## GOAL OF THE EXERCISE
Each line of the data below should be restated exactly, with images left out.

## GIVEN MATERIAL
__________________________________________________

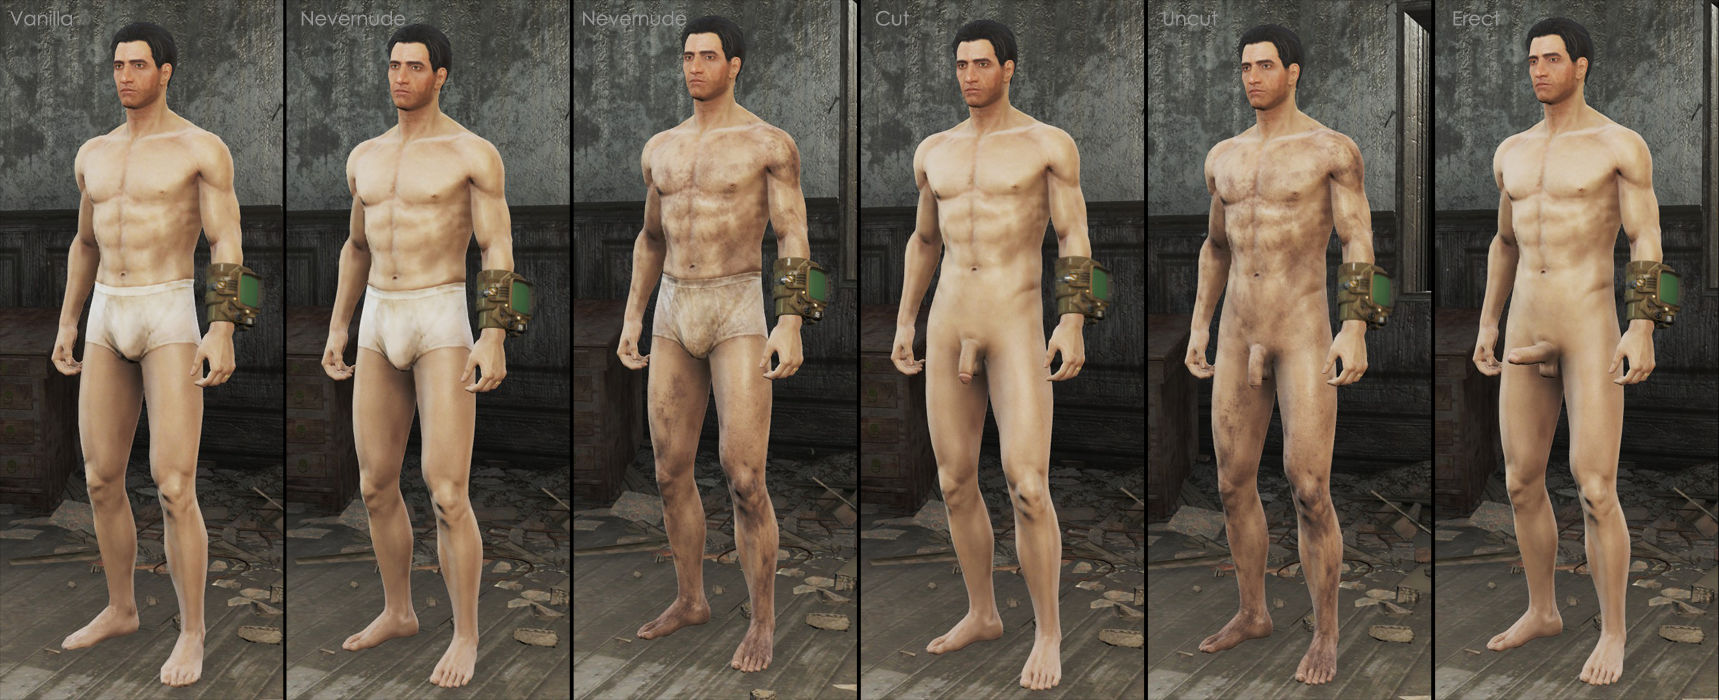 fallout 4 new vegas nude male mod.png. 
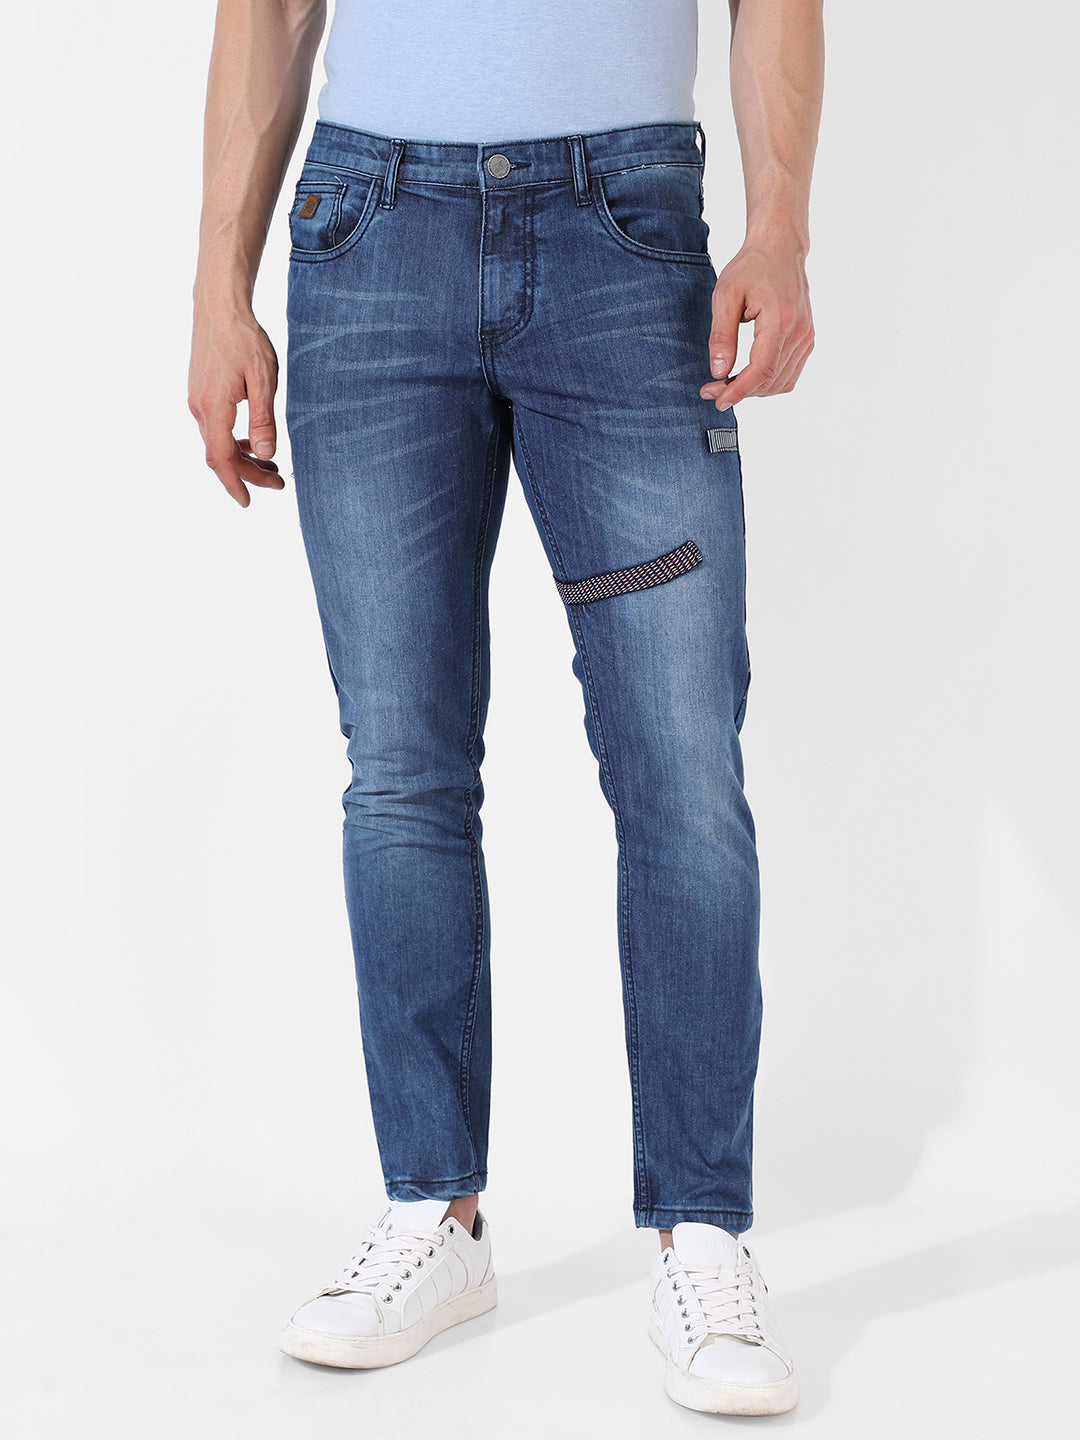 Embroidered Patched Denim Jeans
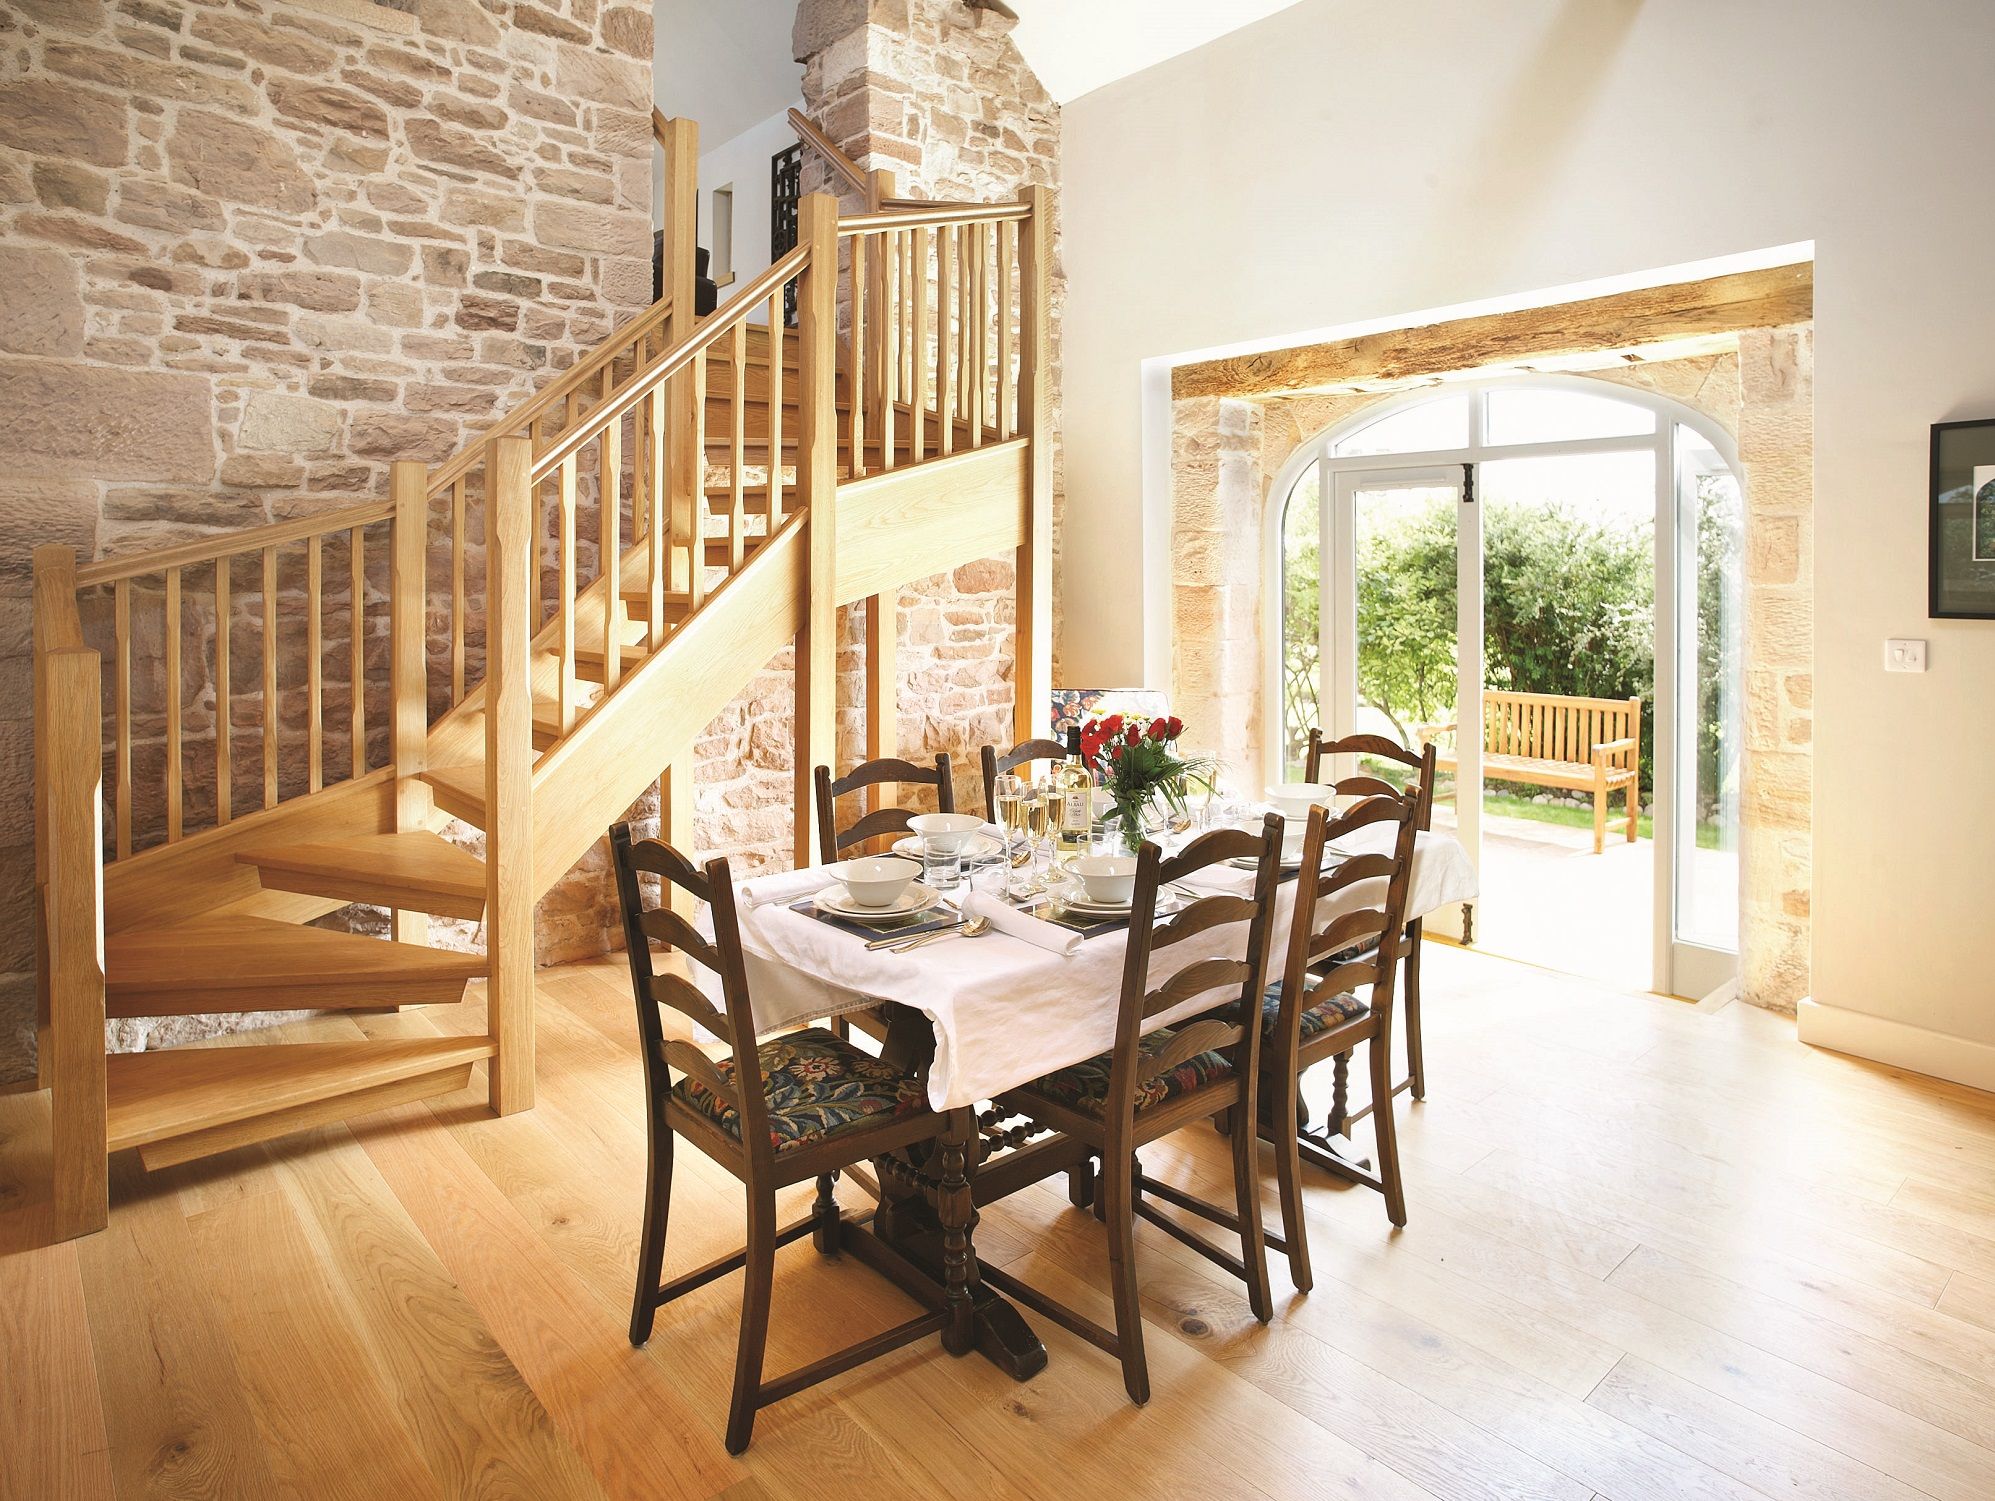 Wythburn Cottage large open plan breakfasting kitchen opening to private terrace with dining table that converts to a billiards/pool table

__________________________________________________

## REPLY TO THE EXERCISE
 fallout 4 new vegas nude male mod.png. 
 Embroidered Patched Denim Jeans
 Wythburn Cottage large open plan breakfasting kitchen opening to private terrace with dining table that converts to a billiards/pool table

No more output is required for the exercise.